- Work instructions: Repeat the lines of the data that follow, please, starting at the first and stopping after the one with "American Art Deco".

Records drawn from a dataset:

* * * *

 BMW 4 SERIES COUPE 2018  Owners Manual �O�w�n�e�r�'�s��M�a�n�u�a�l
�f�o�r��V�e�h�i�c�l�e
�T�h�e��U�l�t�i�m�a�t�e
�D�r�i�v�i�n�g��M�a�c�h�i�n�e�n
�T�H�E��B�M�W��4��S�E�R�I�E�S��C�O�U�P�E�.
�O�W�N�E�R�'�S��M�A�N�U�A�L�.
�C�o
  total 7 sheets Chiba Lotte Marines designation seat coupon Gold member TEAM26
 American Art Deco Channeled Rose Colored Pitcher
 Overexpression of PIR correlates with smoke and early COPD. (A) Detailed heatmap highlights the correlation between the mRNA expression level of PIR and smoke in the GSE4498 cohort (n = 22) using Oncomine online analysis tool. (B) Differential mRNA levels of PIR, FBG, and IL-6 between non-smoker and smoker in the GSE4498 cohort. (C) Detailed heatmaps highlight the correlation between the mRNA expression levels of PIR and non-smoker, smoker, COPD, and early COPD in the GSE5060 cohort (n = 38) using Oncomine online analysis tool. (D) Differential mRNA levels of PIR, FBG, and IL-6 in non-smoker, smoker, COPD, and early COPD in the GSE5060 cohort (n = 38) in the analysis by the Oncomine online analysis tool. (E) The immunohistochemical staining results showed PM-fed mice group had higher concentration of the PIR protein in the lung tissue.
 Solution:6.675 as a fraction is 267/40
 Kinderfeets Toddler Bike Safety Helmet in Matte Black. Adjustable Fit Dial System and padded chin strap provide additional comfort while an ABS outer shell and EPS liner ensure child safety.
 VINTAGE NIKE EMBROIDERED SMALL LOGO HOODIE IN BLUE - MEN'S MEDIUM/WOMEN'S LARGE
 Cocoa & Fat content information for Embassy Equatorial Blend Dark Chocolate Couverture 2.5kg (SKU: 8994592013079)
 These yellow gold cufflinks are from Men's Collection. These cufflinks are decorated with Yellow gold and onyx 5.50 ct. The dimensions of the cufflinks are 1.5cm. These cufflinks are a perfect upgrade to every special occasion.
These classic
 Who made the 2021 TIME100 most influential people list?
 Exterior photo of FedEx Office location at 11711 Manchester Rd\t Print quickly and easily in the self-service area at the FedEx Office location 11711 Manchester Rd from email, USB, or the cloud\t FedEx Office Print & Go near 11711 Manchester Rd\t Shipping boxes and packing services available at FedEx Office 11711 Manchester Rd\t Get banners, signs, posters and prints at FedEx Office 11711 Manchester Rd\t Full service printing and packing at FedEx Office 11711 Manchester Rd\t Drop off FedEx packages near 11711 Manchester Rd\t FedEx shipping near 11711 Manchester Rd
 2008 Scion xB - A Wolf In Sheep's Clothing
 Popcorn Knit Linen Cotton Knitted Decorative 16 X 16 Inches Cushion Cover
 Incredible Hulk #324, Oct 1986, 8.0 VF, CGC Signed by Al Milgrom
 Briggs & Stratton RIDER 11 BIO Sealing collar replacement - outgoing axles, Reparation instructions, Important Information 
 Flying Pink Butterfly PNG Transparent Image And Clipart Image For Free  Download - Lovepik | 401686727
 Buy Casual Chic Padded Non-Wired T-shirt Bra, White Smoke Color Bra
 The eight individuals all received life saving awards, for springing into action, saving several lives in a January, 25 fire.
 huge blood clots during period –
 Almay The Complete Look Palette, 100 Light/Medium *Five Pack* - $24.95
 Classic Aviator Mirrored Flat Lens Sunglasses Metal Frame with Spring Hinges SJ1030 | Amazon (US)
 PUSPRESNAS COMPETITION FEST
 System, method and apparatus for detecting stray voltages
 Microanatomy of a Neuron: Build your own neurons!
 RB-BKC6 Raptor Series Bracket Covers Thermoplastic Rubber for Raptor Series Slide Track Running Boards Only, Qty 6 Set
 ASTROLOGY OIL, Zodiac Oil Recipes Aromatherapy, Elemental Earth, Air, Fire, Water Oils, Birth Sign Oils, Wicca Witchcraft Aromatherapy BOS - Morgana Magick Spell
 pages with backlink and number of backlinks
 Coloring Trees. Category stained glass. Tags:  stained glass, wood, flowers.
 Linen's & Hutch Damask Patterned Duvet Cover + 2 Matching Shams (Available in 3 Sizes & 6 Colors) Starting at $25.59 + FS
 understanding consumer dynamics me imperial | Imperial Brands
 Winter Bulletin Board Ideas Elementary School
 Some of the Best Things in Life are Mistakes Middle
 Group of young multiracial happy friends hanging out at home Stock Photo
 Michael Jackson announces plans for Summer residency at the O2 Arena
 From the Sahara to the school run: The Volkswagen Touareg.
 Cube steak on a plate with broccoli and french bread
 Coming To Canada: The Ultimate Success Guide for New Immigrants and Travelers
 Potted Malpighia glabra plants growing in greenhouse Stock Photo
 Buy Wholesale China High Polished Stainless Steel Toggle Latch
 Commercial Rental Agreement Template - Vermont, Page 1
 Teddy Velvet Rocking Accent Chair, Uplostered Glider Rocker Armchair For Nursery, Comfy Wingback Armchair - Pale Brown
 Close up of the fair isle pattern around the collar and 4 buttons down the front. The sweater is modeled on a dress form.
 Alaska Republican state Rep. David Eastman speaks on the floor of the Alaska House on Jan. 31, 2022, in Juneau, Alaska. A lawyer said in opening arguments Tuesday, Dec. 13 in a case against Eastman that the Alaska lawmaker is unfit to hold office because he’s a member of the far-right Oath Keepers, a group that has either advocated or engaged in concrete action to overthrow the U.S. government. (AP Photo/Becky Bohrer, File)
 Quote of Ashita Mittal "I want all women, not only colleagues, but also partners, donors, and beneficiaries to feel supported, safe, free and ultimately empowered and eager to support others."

* * * *

- Written reply:
 BMW 4 SERIES COUPE 2018  Owners Manual �O�w�n�e�r�'�s��M�a�n�u�a�l
�f�o�r��V�e�h�i�c�l�e
�T�h�e��U�l�t�i�m�a�t�e
�D�r�i�v�i�n�g��M�a�c�h�i�n�e�n
�T�H�E��B�M�W��4��S�E�R�I�E�S��C�O�U�P�E�.
�O�W�N�E�R�'�S��M�A�N�U�A�L�.
�C�o
  total 7 sheets Chiba Lotte Marines designation seat coupon Gold member TEAM26
 American Art Deco Channeled Rose Colored Pitcher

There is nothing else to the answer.